Austrian daily Der Standard quotes the spokeswoman of Mr Vanhanen as saying the flows of African migrants in the Mediterranean will not only figure on the agenda of the October summit in Lahti, but probably also at a formal EU leaders meeting in December.

But the letter's signatories are likely to have a hard time convincing the rest of the EU to release more financial aid to help tackle the problem.

At an informal justice and interior ministers meeting in Finland last week, proposals by the Finnish EU presidency and the European Commission to share the costs of handling the crisis faced strong resistance from states like Germany, Austria and the Netherlands.

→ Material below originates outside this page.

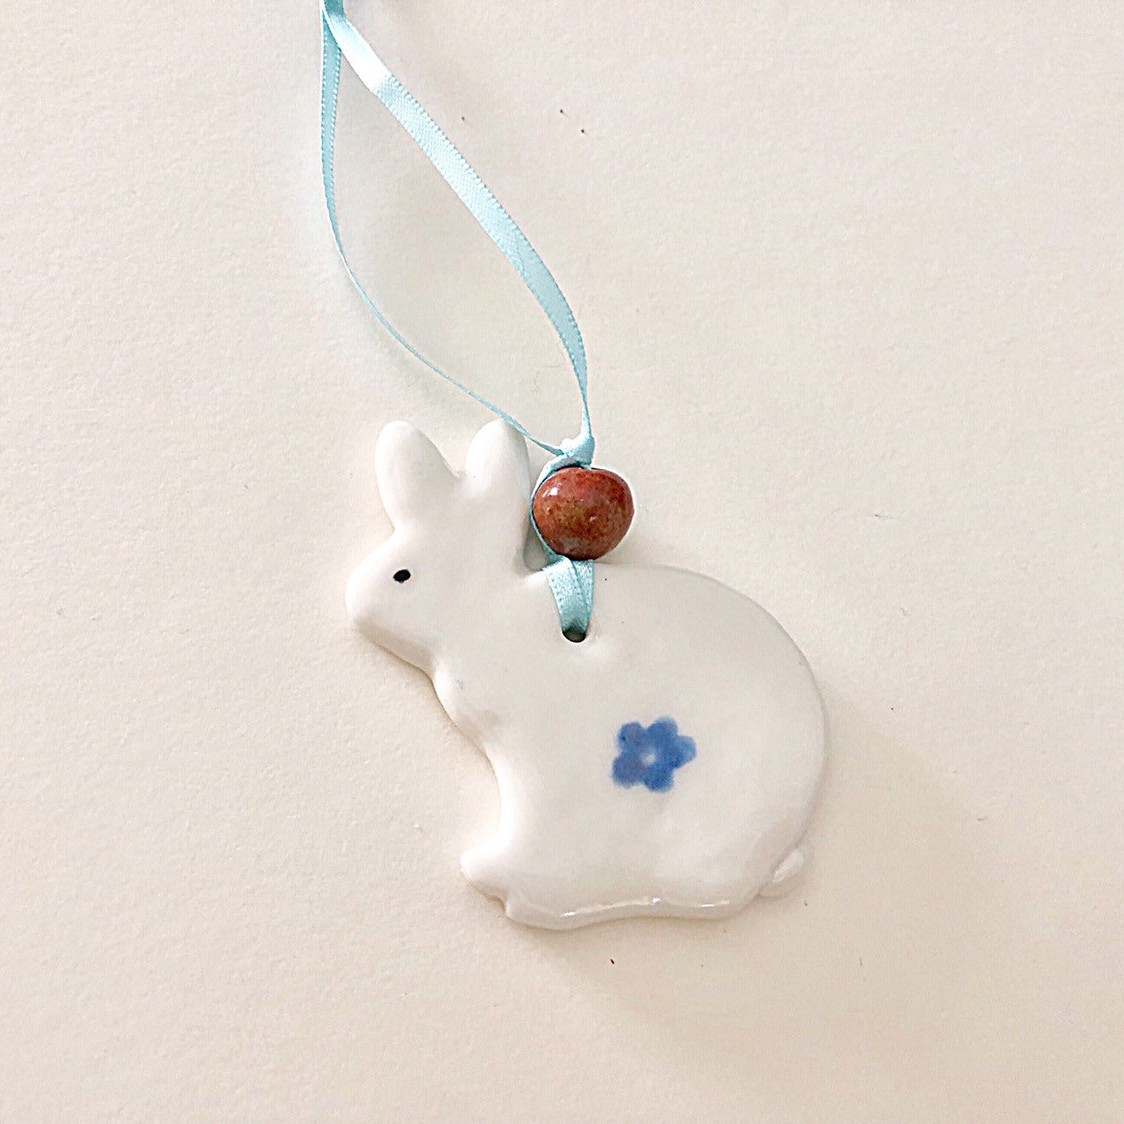 White Rabbit Wallhanger - Porcelain

"Those who want to solve problems must stop asking for the money of others," German interior minister Wolfgang Schauble was quoted as saying in German newspapers.

Austria and the Netherlands criticised Spain for last year legalising the status of around 600,000 illegal immigrants already in Spain, with Austria's Karin Gastinger saying this had created "some kind of pull factor to the people in Africa."

Despite Monday's joint initiative by France, Spain and Italy, the three states earlier this month also bickered among each other with France's interior minister Nicolas Sarkozy strongly criticising Madrid and Rome for regularising illegal migrants.

"We cannot have moves towards massive regularisation without asking the opinion of our partners," he stated.